Russia, with its six-month winter, its tsarism, Marxism, and Stalinism, is not like that. What we like is some heavy, masochistic problem, which we can prod with a tired, exhausted, not very clean but very honest finger. That is what we really need, and it is not our fault.
Not our fault? Really? But who let the genie out of the bottle, who cut themselves off from the people, who groveled before the people, who grew fat on the backs of the people, who let the Tatars into the city, invited the Varangians to come and rule over them, licked the boots of Europe, isolated themselves from Europe, struggled madly against the government, submitted obediently to dim-witted dictators? We did all that – we, the Russian intelligentsia.”
And this:
“It’s always like that in Russia. Even the most mediocre modernist in the arts, an admirer of everything in the West, who damns everything home-grown, is secretly convinced in his heart of hearts that the world’s greatest talent will emerge from Russia, and it only has to be nurtured for it to burst forth and astonish the whole world no less than the first atomic mushroom cloud or ballistic missile.”
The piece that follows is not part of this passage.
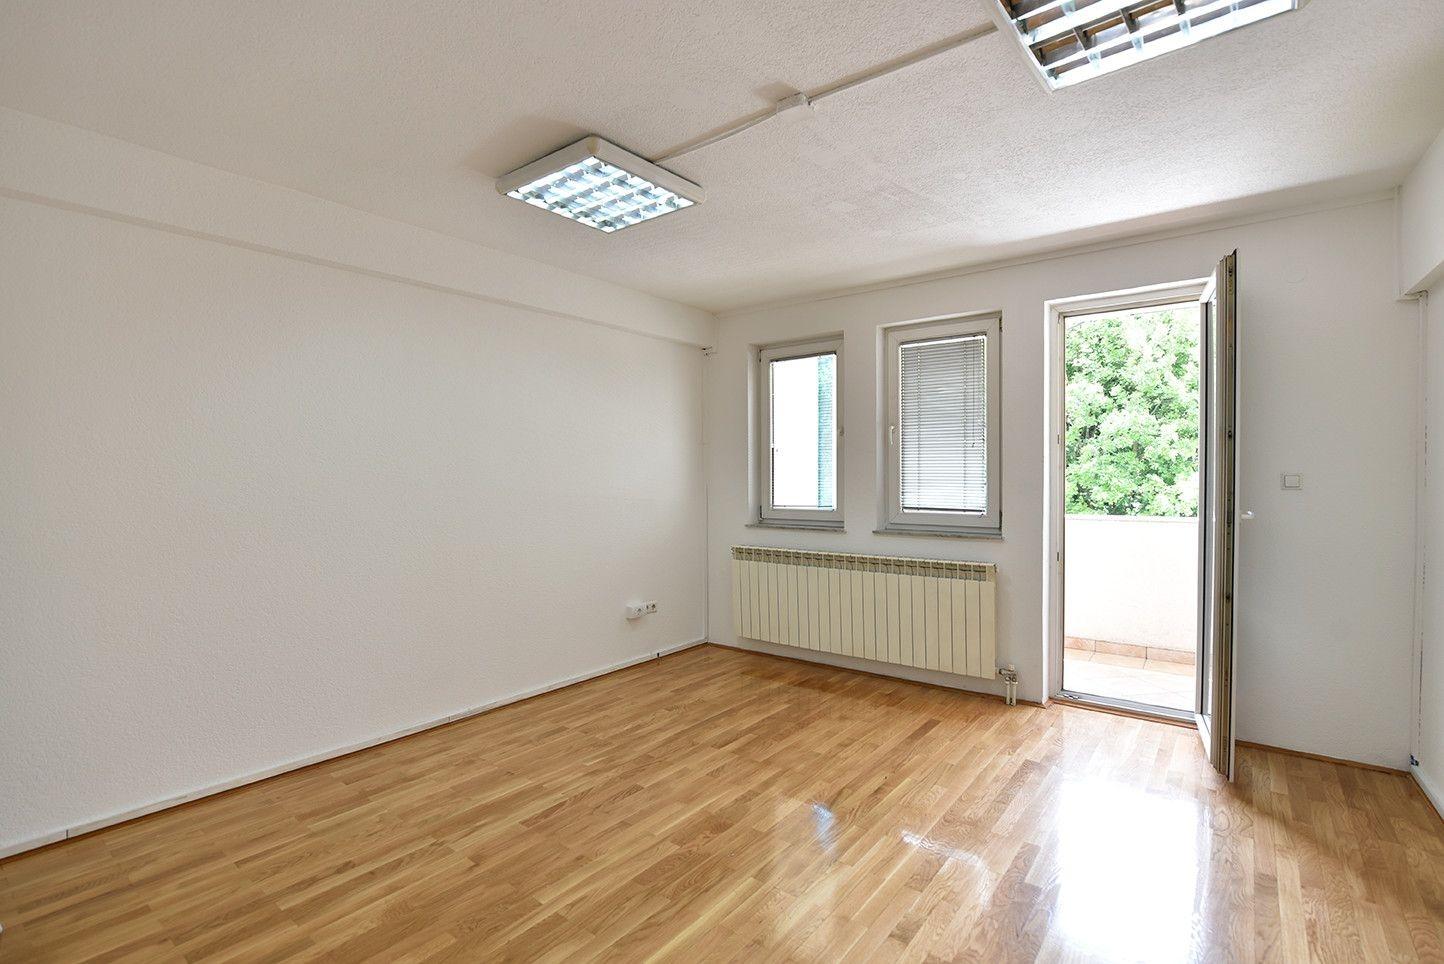 Poslovni prostor/ Grbavica/ 100 m2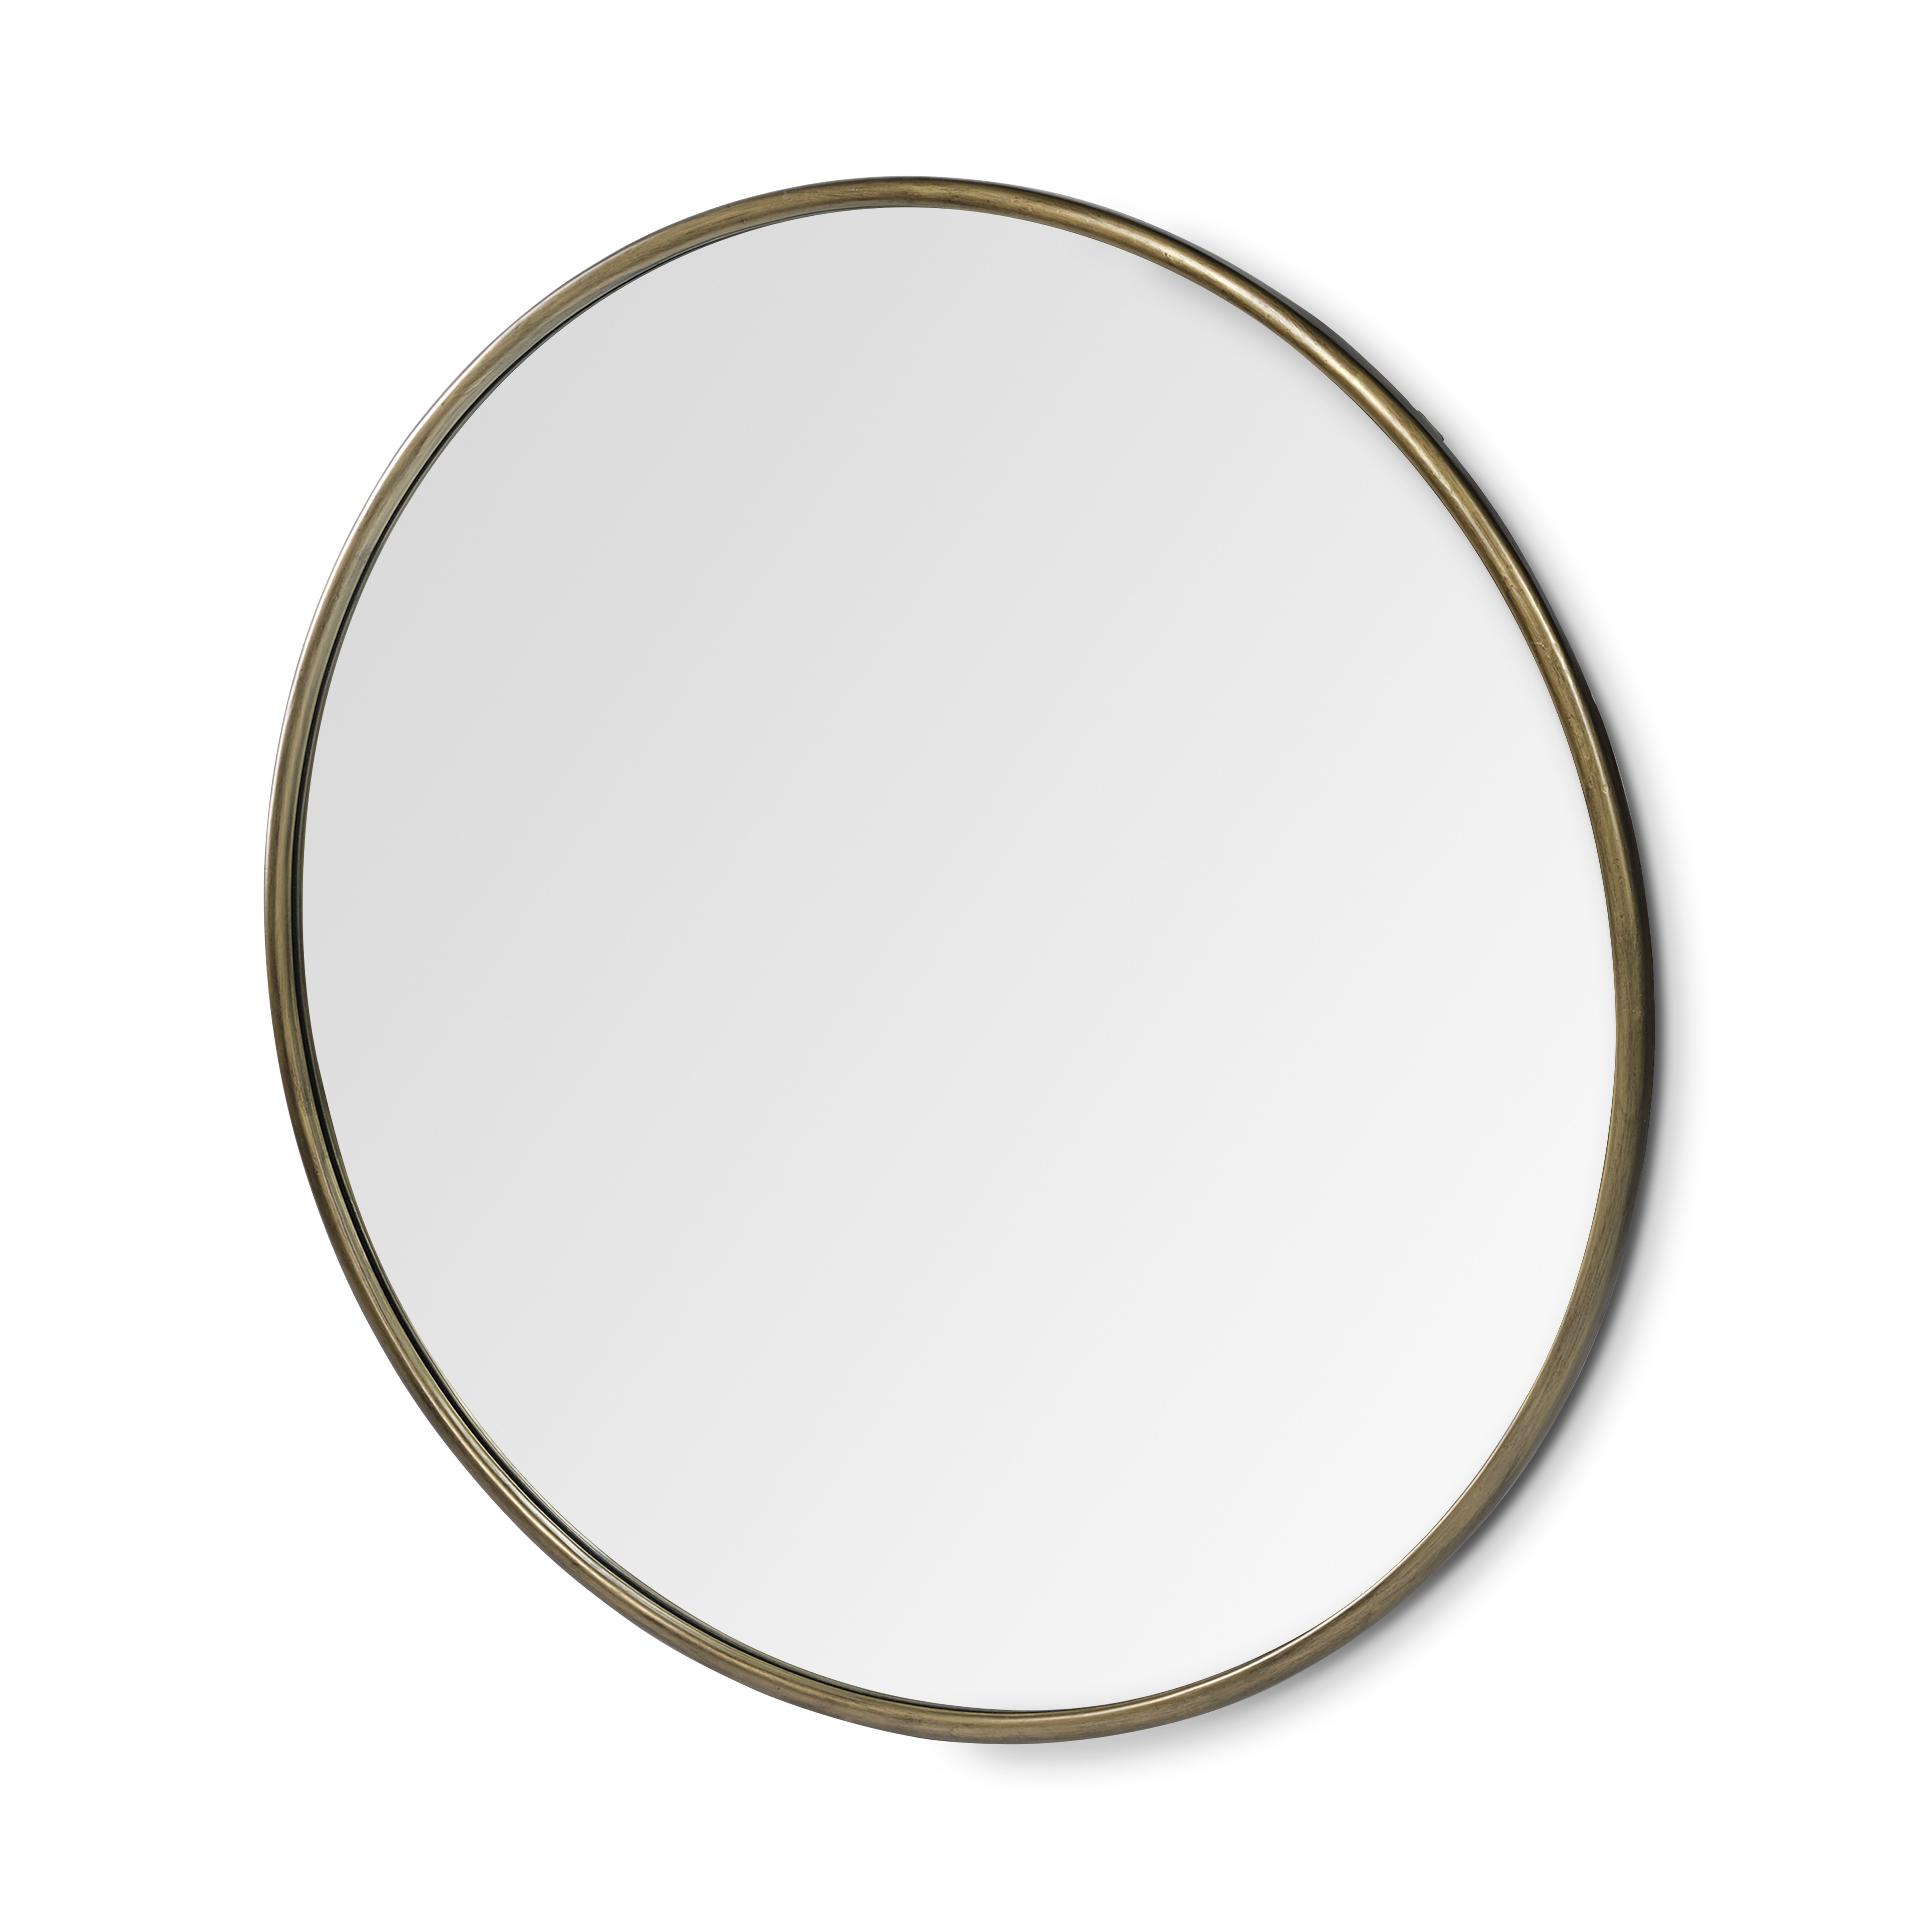 "47"" Round Gold Metal Frame Wall Mirror"

On food (I thought this was funny but ate far better over there):
“…we bought some food at the market and sat down cross-legged under the glass wall of the supermarket to enjoy our aristocratic breakfast. We spiked the beer with pepper vodka and orange liqueur. Between drinks we ate pieces of a strange, soapy, deep-water fish and Roquefort cheese, that putrid, shit-tasting dropout from the otherwise wholesome but dull family of Soviet cheeses, and little ‘hunter’ sausages, stuffed with the revolting lard used by the Consumers’ Union, and semiprocessed kidneys made from Indian poultry, and strawberry mousse made of Rumanian oil.”
Lastly on a memorable night:
“That night was a very special night in my life, a night like a beacon. After such a night you could go into the wastes of Siberia, you could even go to prison, but the glow of that night would continue to brighten your life for a long time.”
And on the other hand:
“What are they worth, those blurred, faded nights, days, and evenings of ours? What indeed are our blurred, faded memories worth at all? What price our whole past life? And did it ever happen at all if we remember so little about it?”